Just down the road from the primary school in Wimbledon, both Andy and Jamie Murray have been taking part in The Championships. They were both pupils at Dunblane Primary School in 1996 when the massacre happened. The Conservative Government banned hand guns a year later - an action for which they are rightly commended, and we have not seen a similar incident since. A similar response is needed here.
My children are 10 and 7 years old, and attend St Barnabas CE Primary School, on Green Lane in Worcester. As you have visited the school multiple times over the years, I am sure you aware that one of the school’s lovely outdoor spaces, where children regularly play, is bordered by Green Lane. The possibility of a similar tragedy being visited upon local children, parents and staff should be plain for all to see.

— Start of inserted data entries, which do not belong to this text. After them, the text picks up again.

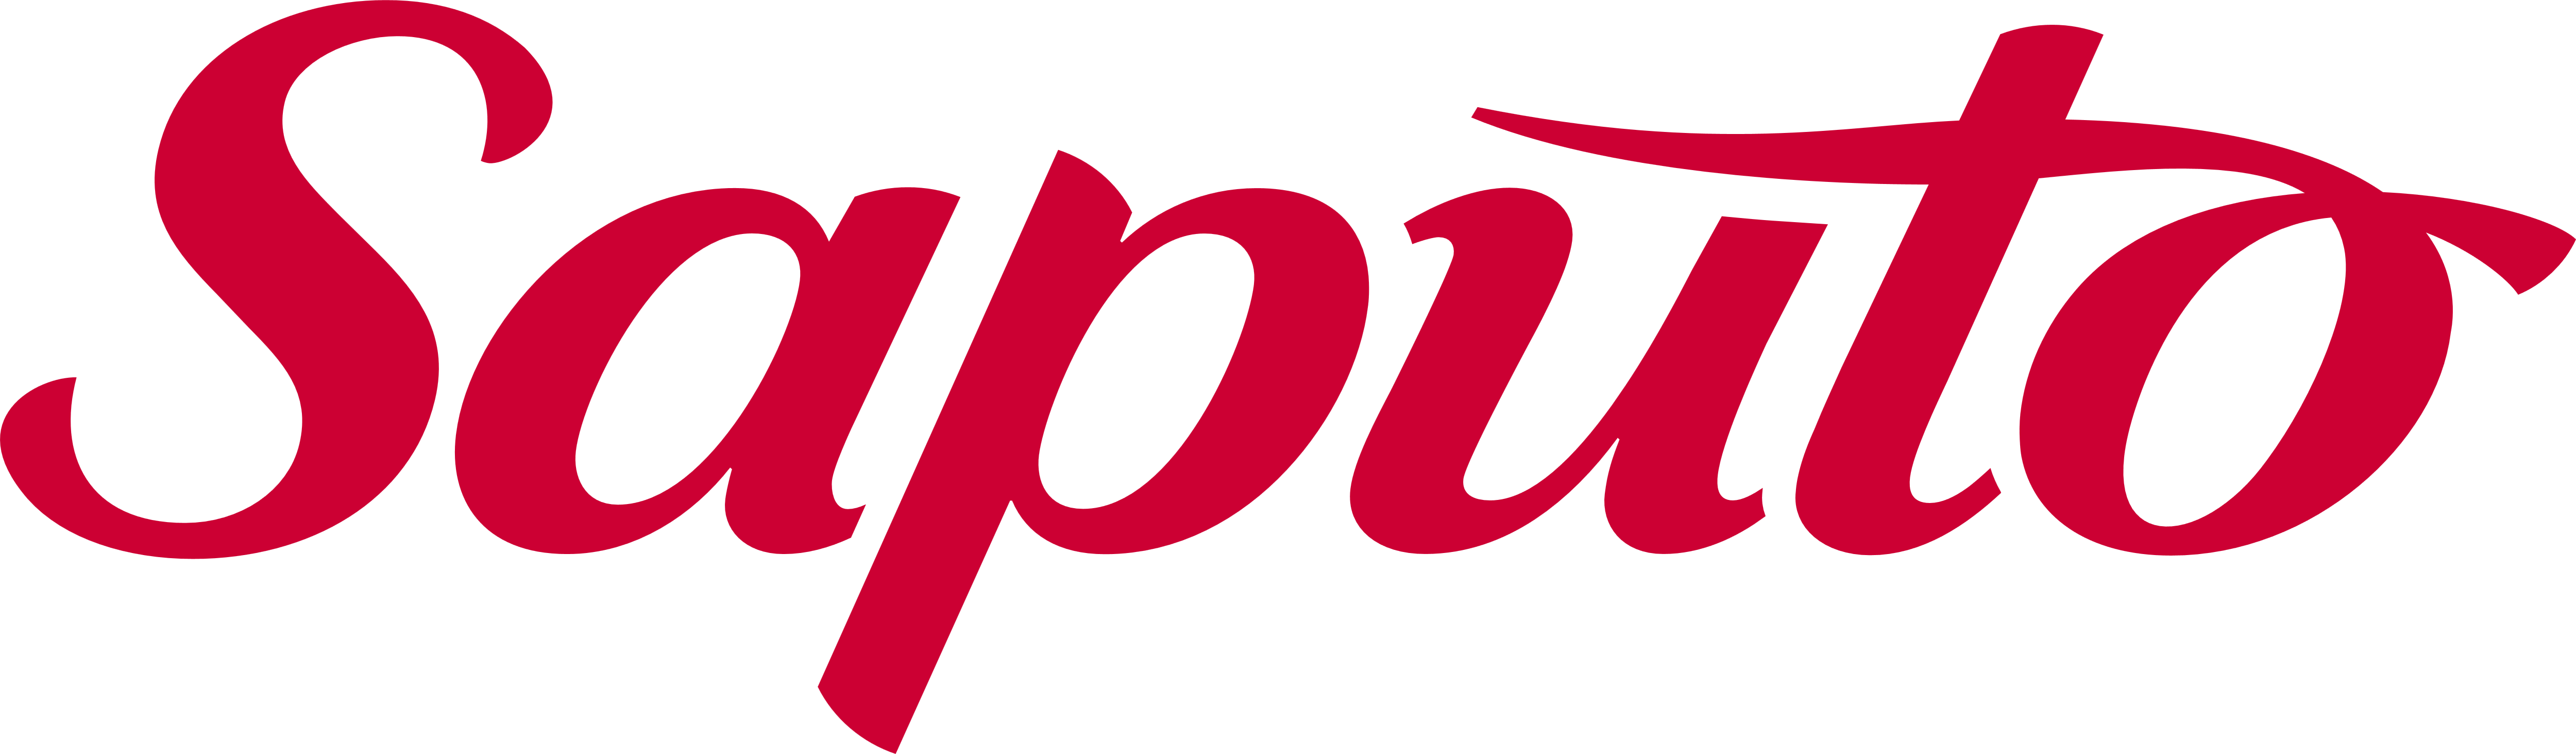 Saputo Logo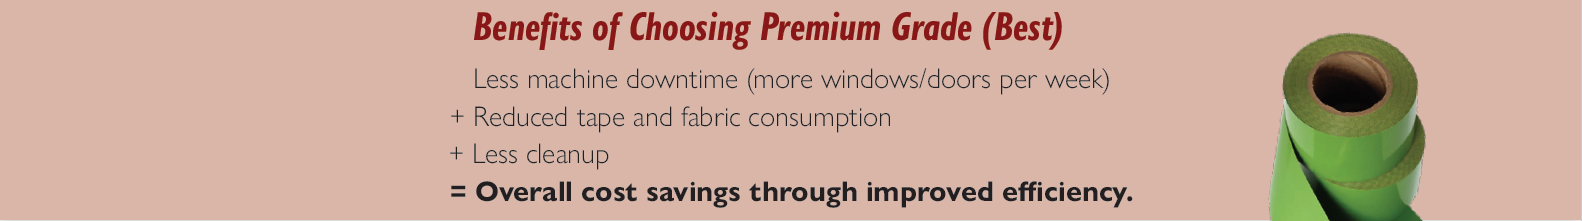 Uploaded Image: /uploads/images/PVC Window Benefits of Choosing Best.PNG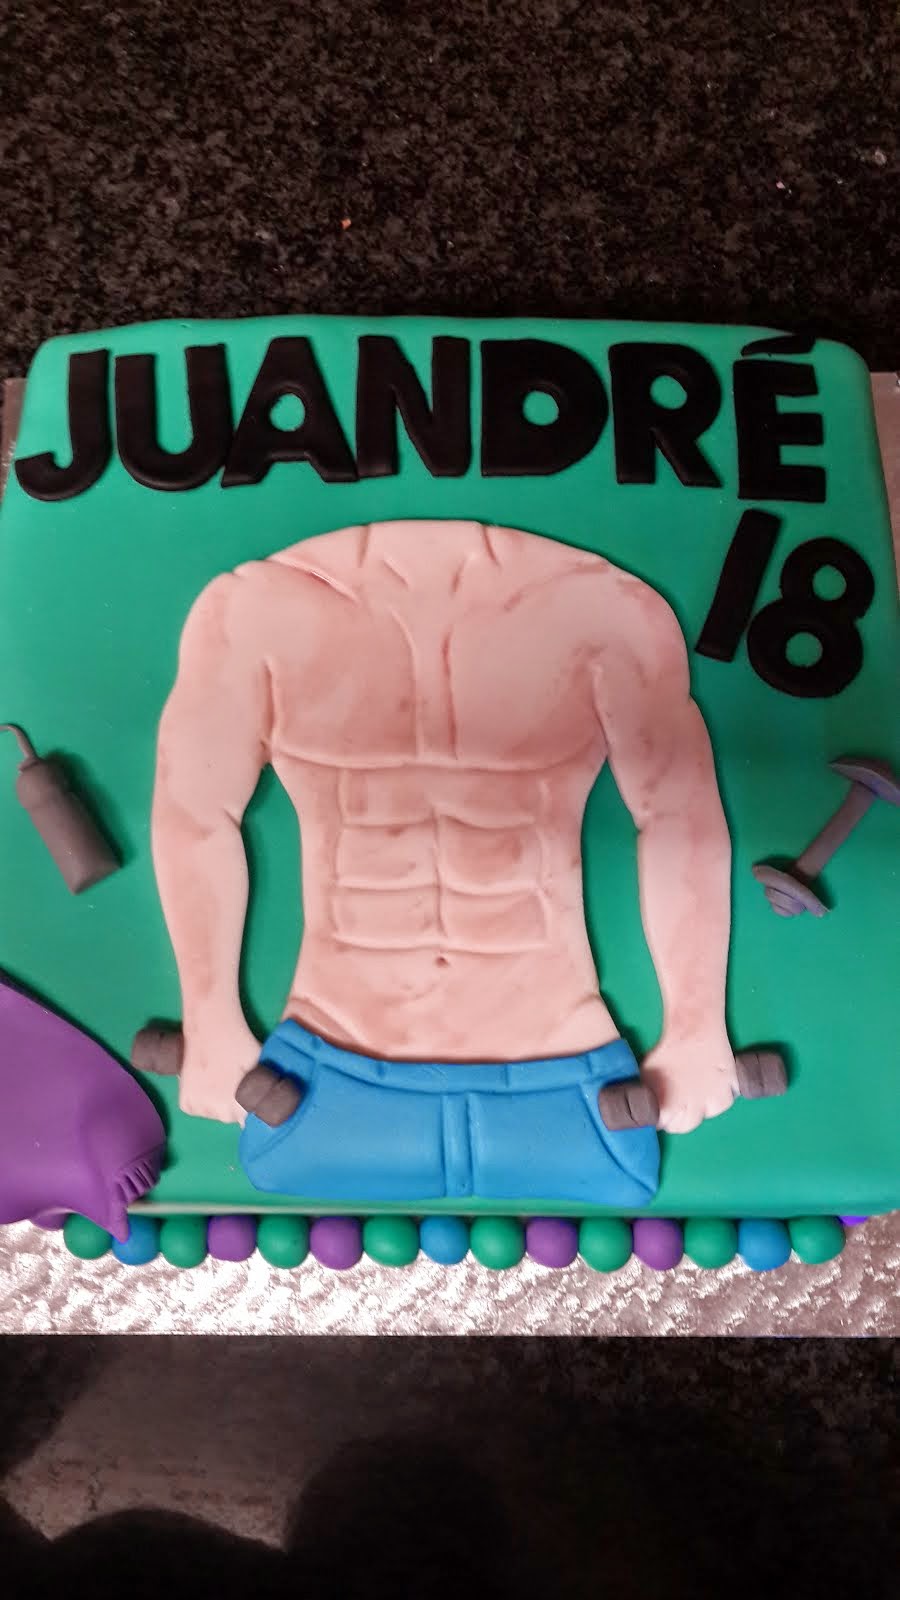 Juandre's 18th Birthday cake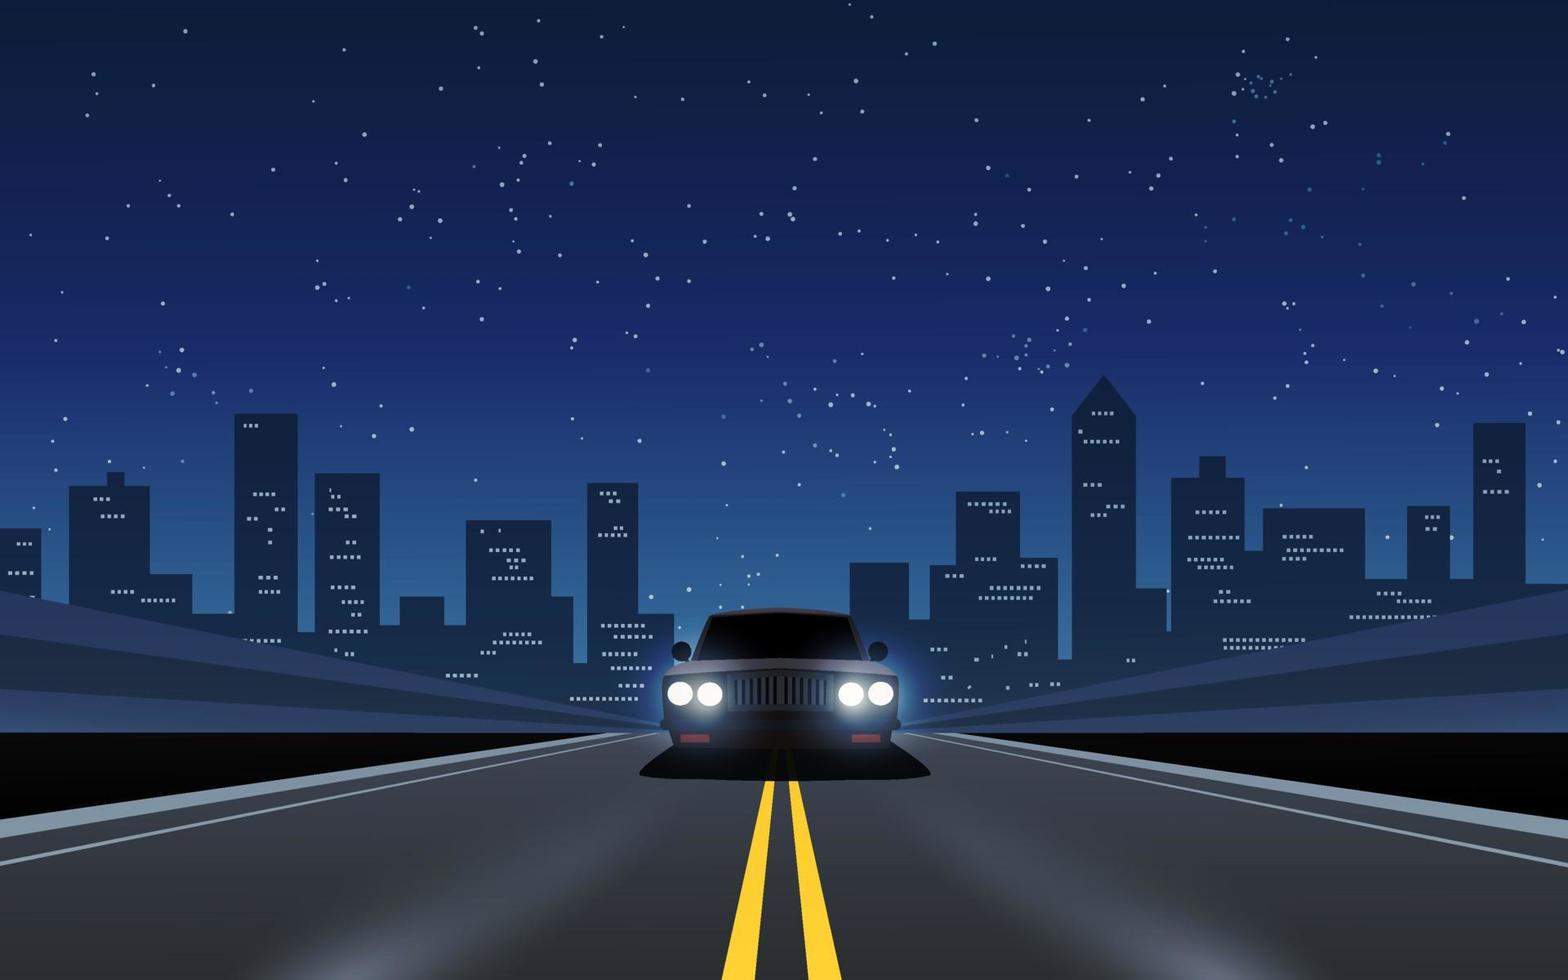 https://static.vecteezy.com/ti/gratis-vektor/p1/9443753-city-night-highway-illustration-with-a-car-and-starry-sky-vektor.jpg

We have seen a considerable increase in vehicles on the roads over the years, and the recent trend is for more and more of those vehicles to be SUVs – “cars” (such as they are still classed) that are far too large, too heavy, and too powerful for use on our streets. One has to wonder what the outcome in this case may have been had the vehicle been smaller, lighter, and less powerful – indeed would it have happened at all? Perhaps the “car” would have been going slower, it wouldn’t have breached the fence, and if it had, it would have caused less harm. We can only speculate, of course. But the physics is simple – more mass, more speed, and greater acceleration are all contributory negative factors when things go wrong, whether or not caused by careless or dangerous actions by the driver.
The profile of SUVs with their high front-ends is another deadly factor in their design, when compared to smaller cars – people impacted by SUVs are more likely to go under the vehicle, where an impact by a lower-profile vehicle may lead to pedestrian going over the bonnet with potentially very different outcomes.
These SUVs are designed within legal limits of course, and if I were to anticipate your reply then I suspect it might be along the lines of the market providing what people want. To that I say tough. The market has failed; resulting in companies producing machines that are deadly in design, wasteful in resources, and damaging to infrastructure. Our regulations must be tightened to bring this trend of larger vehicles to a stop.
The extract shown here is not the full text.